▸ **Your task**
Restate the data below word for word. Skip any images it contains.

▸ **Stored data**

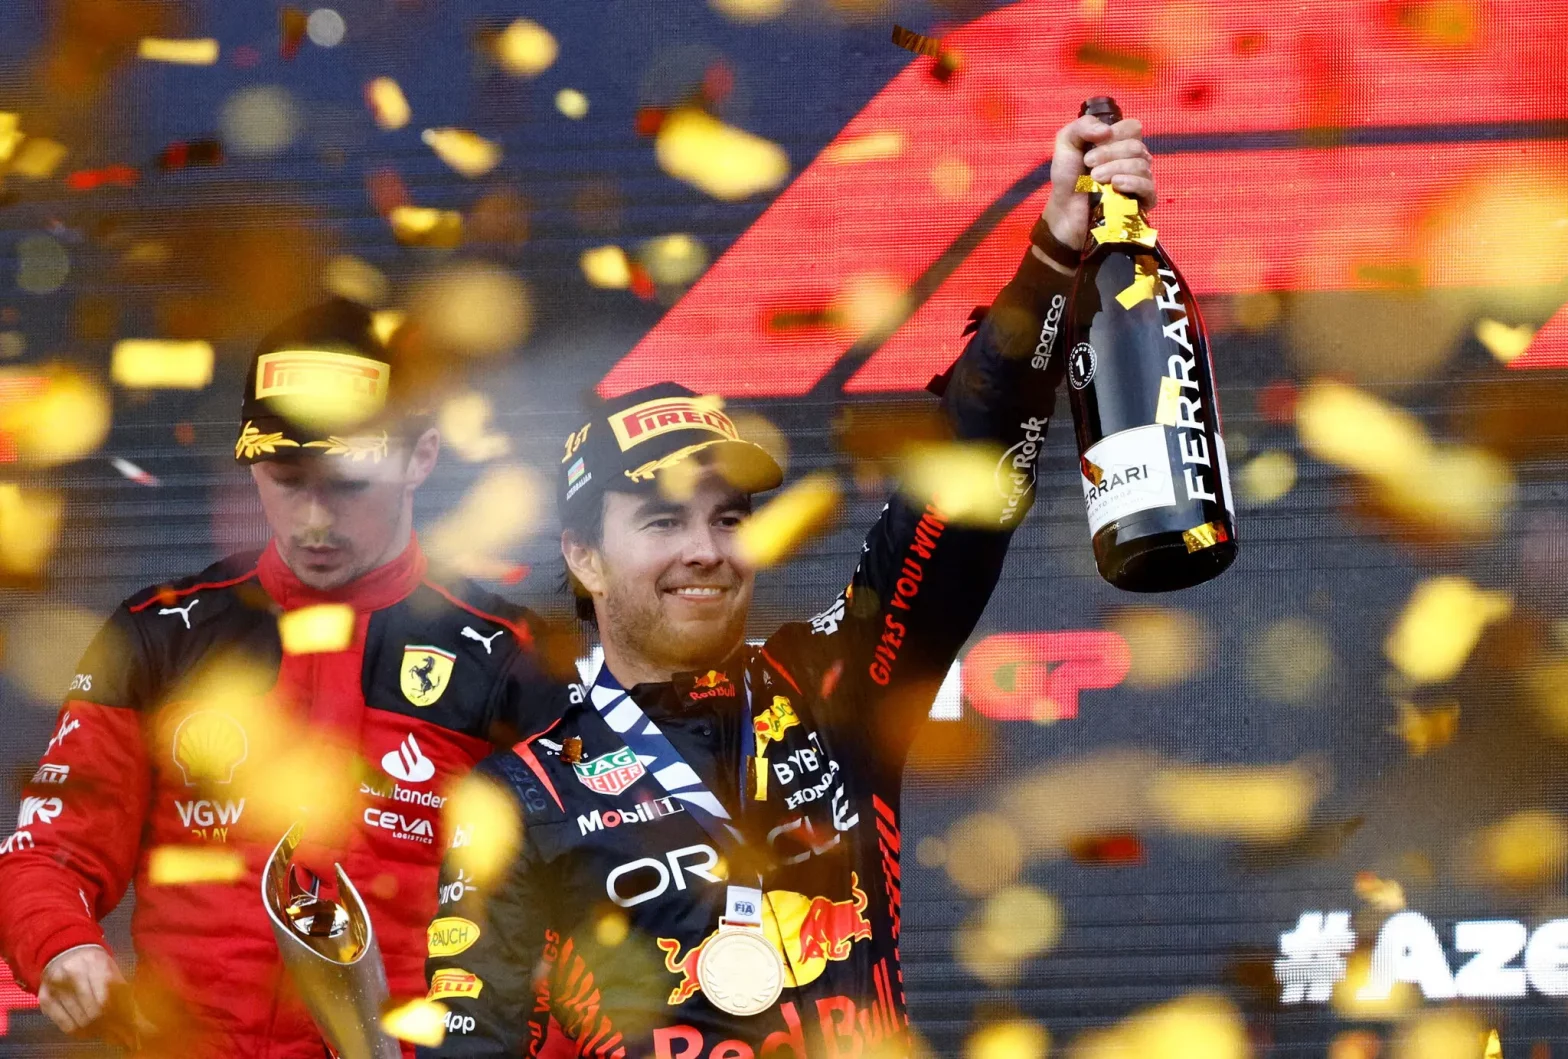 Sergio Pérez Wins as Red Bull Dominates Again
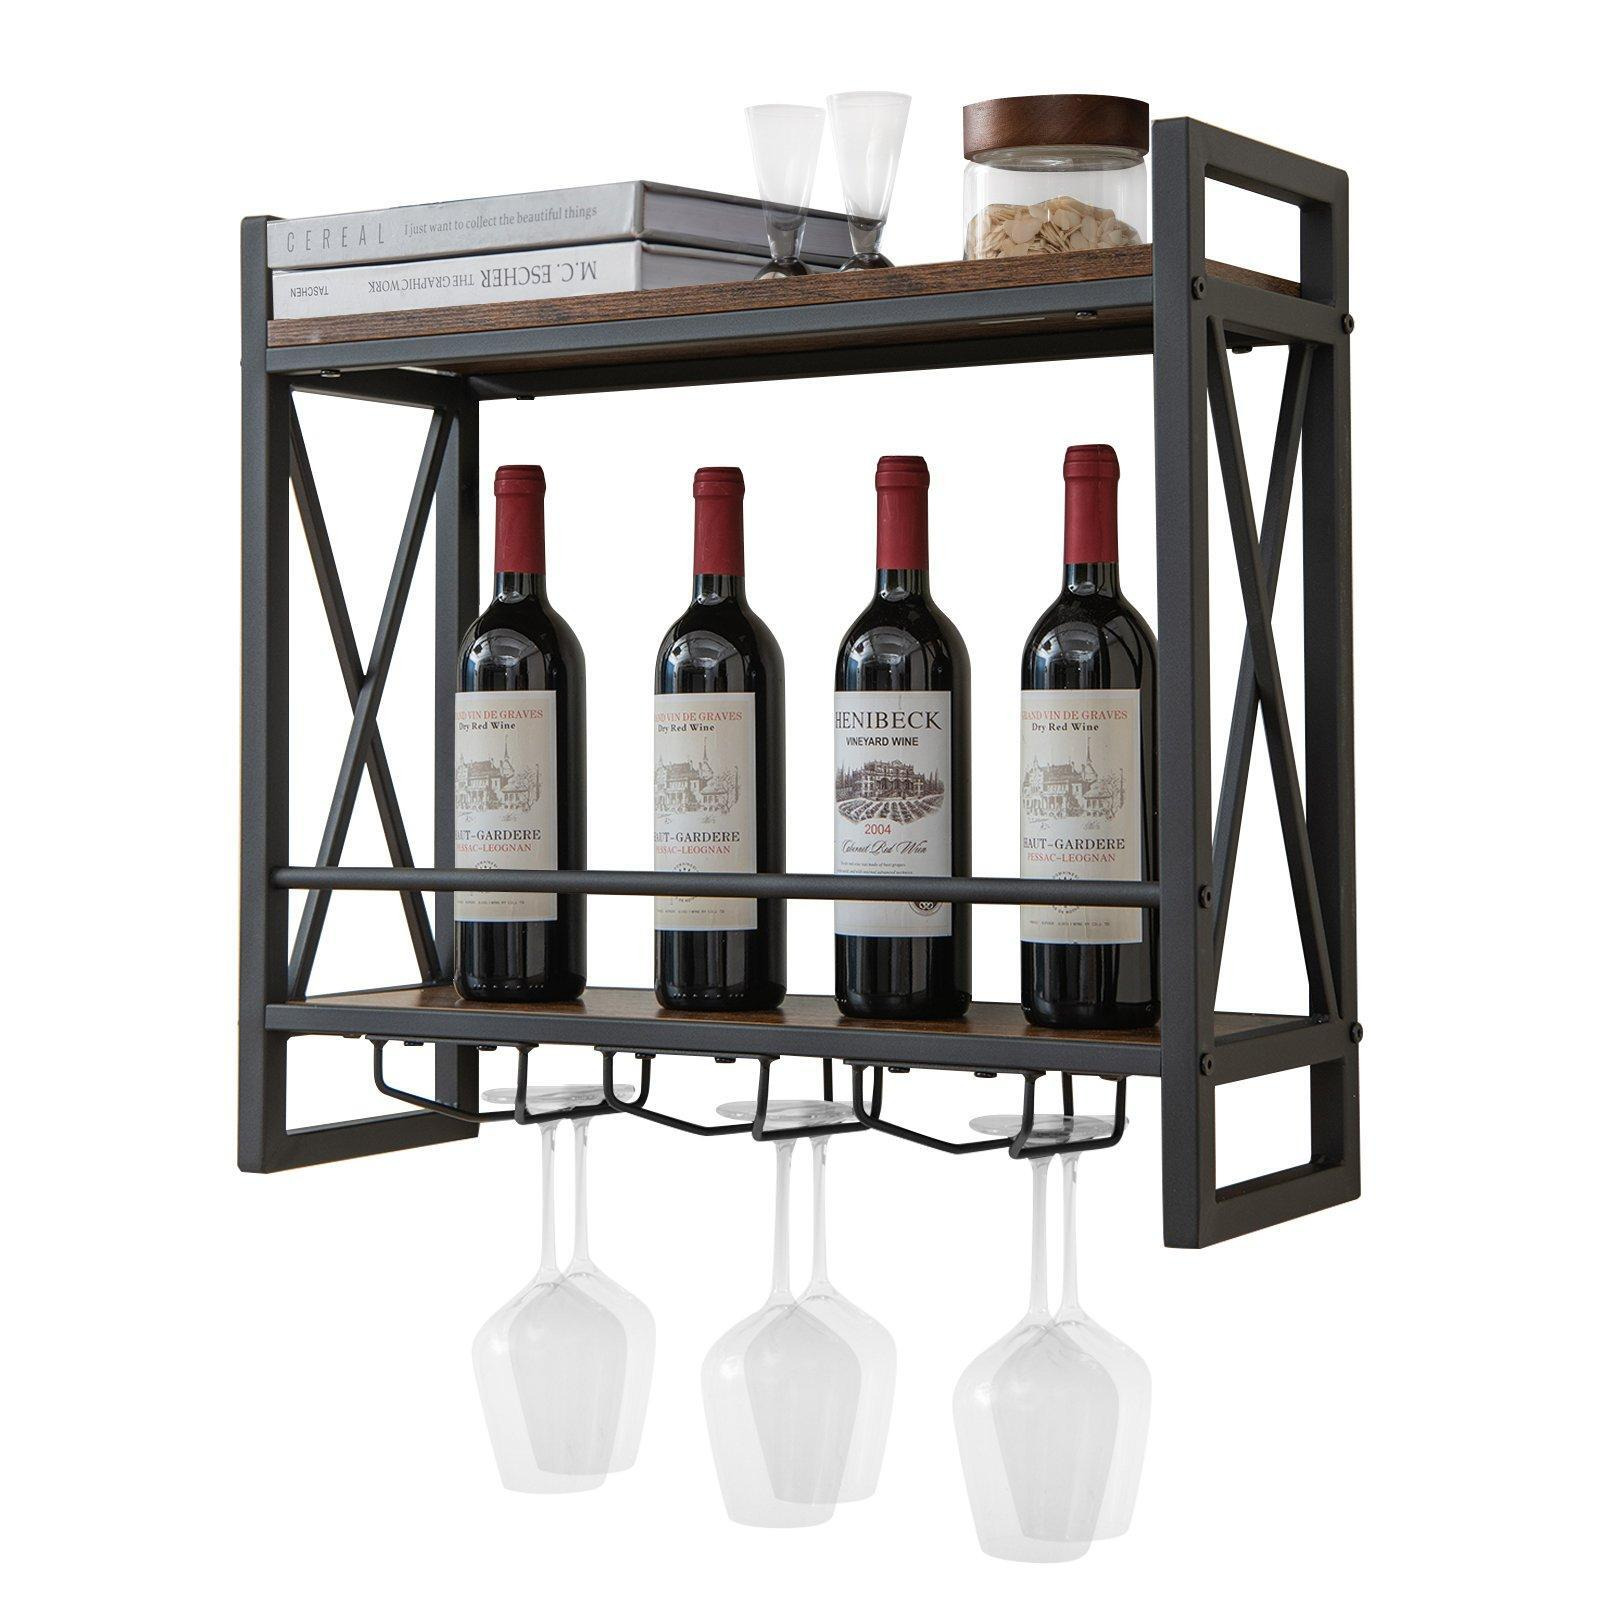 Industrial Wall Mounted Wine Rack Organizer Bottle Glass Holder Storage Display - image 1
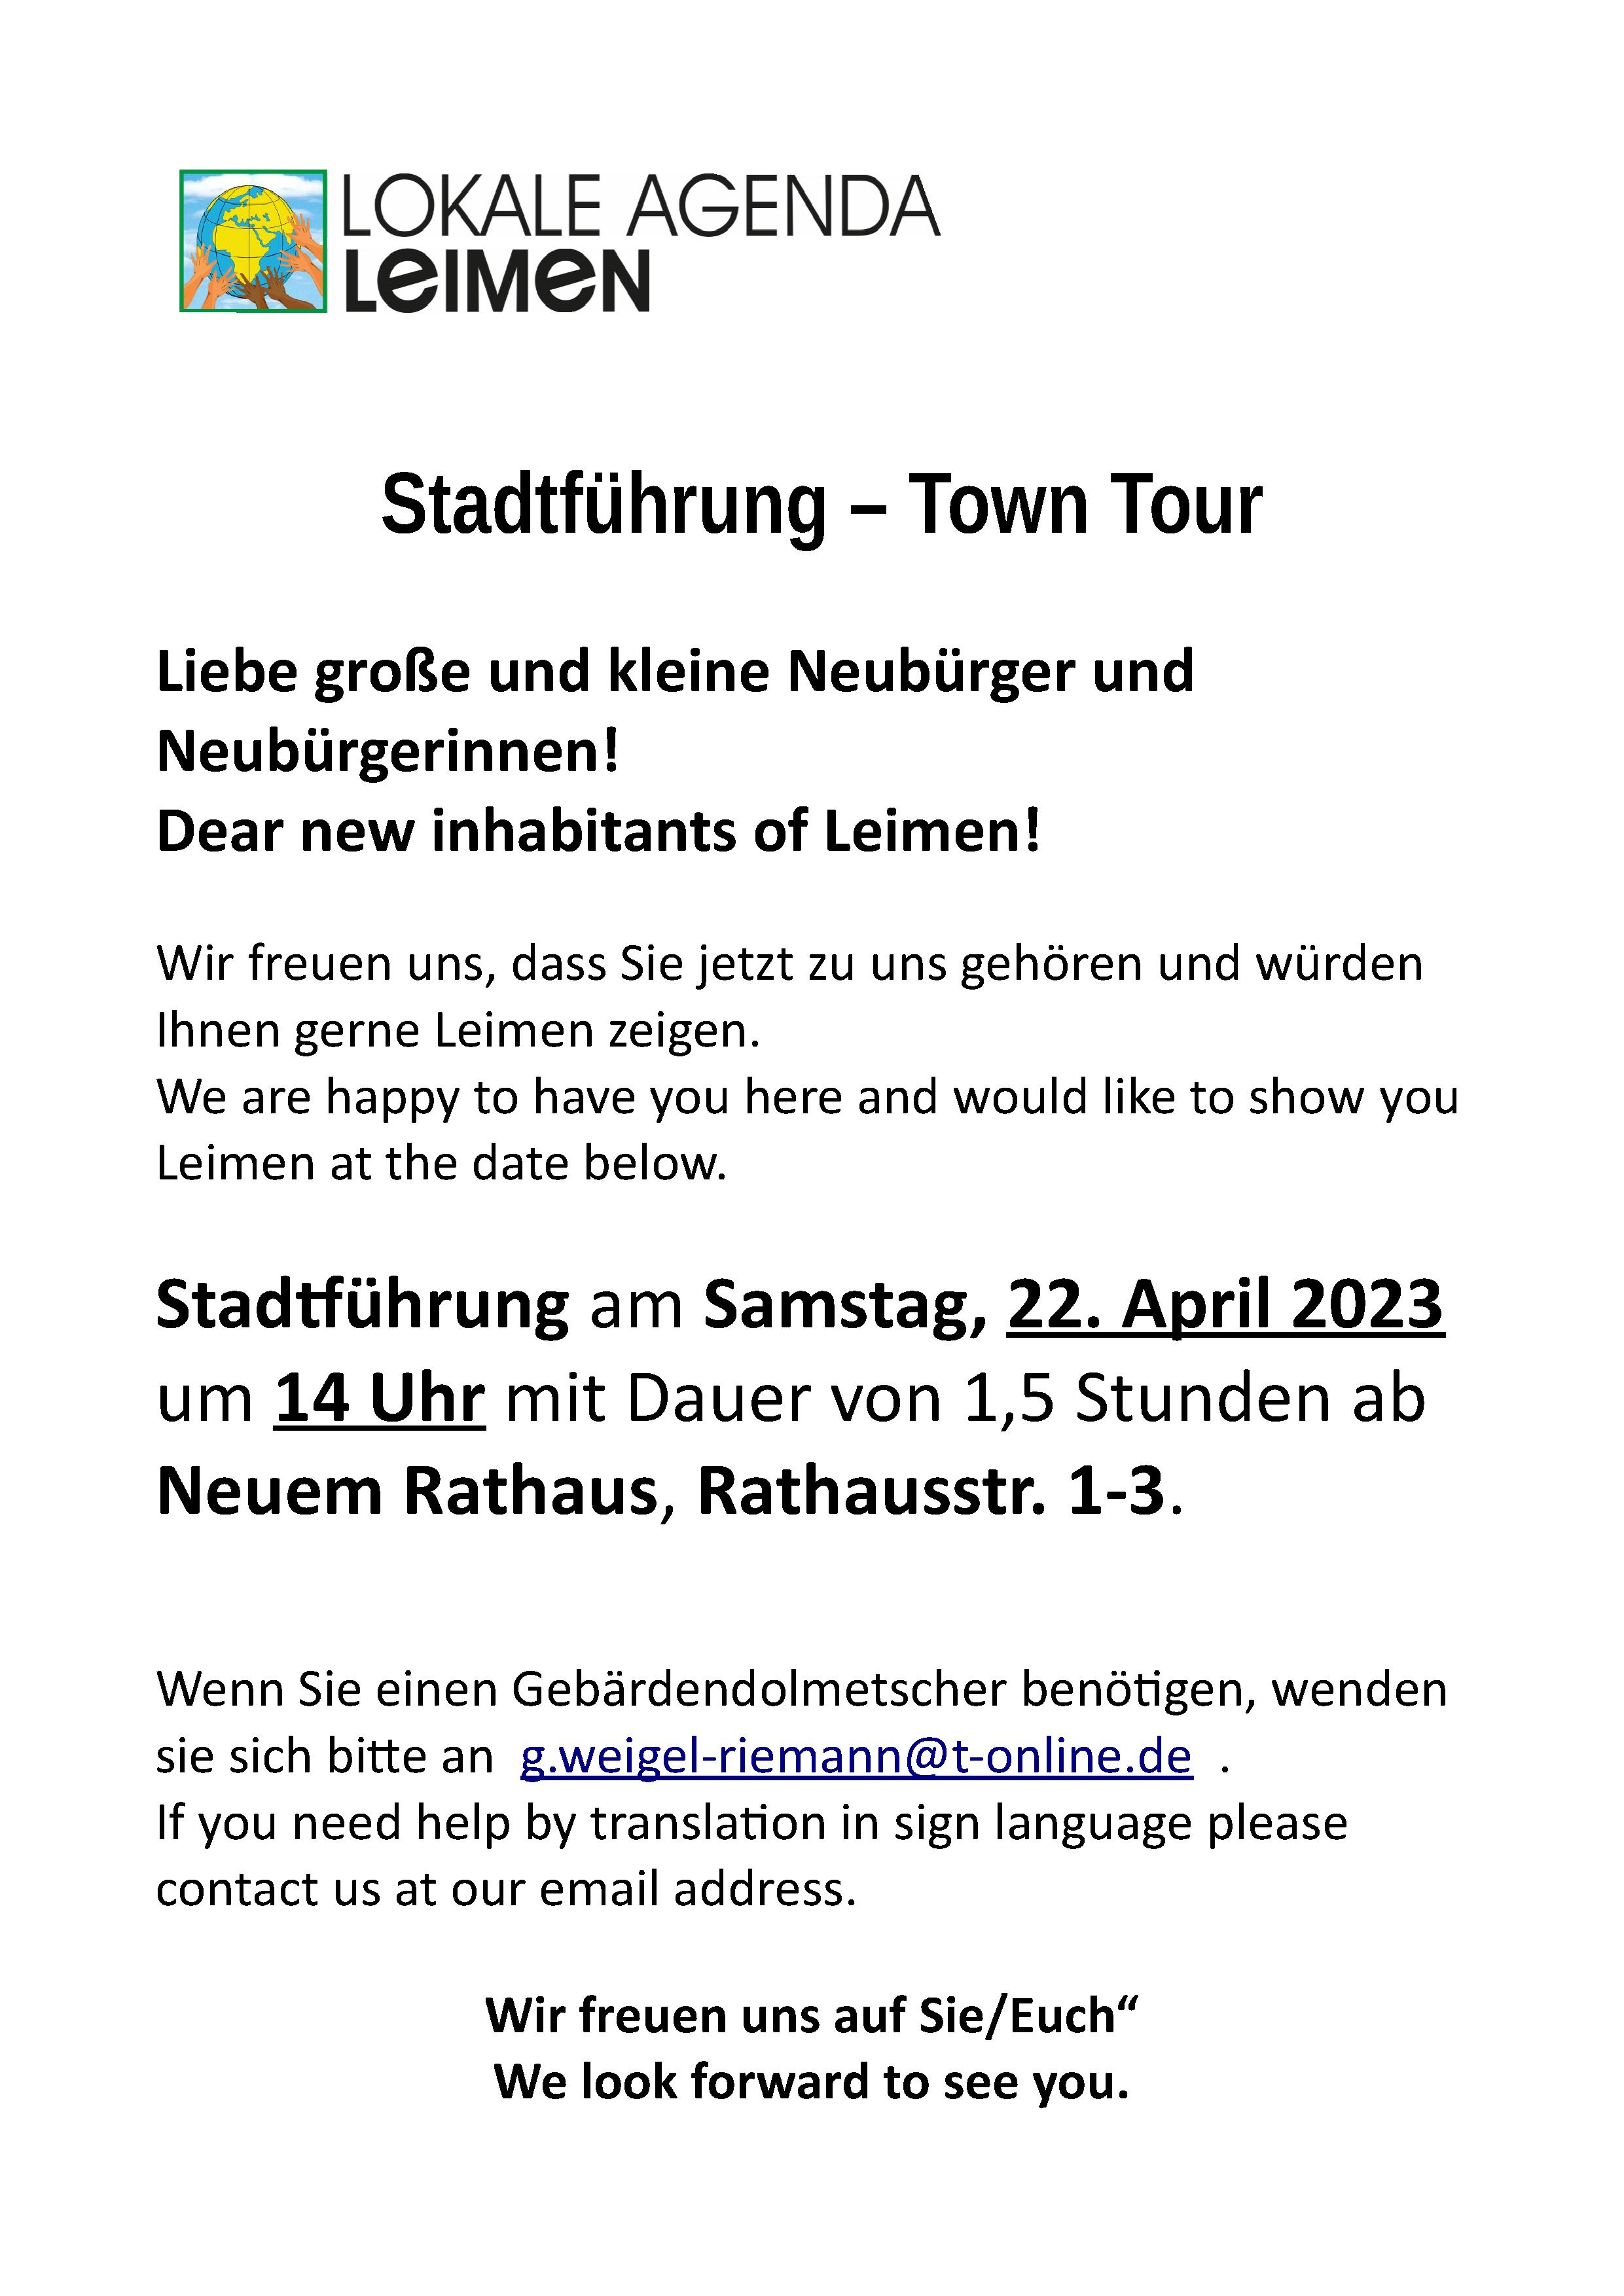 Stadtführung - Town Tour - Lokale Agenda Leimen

▸ **Response area**
 Sergio Pérez Wins as Red Bull Dominates Again
 Industrial Wall Mounted Wine Rack Organizer Bottle Glass Holder Storage Display - image 1
 Stadtführung - Town Tour - Lokale Agenda Leimen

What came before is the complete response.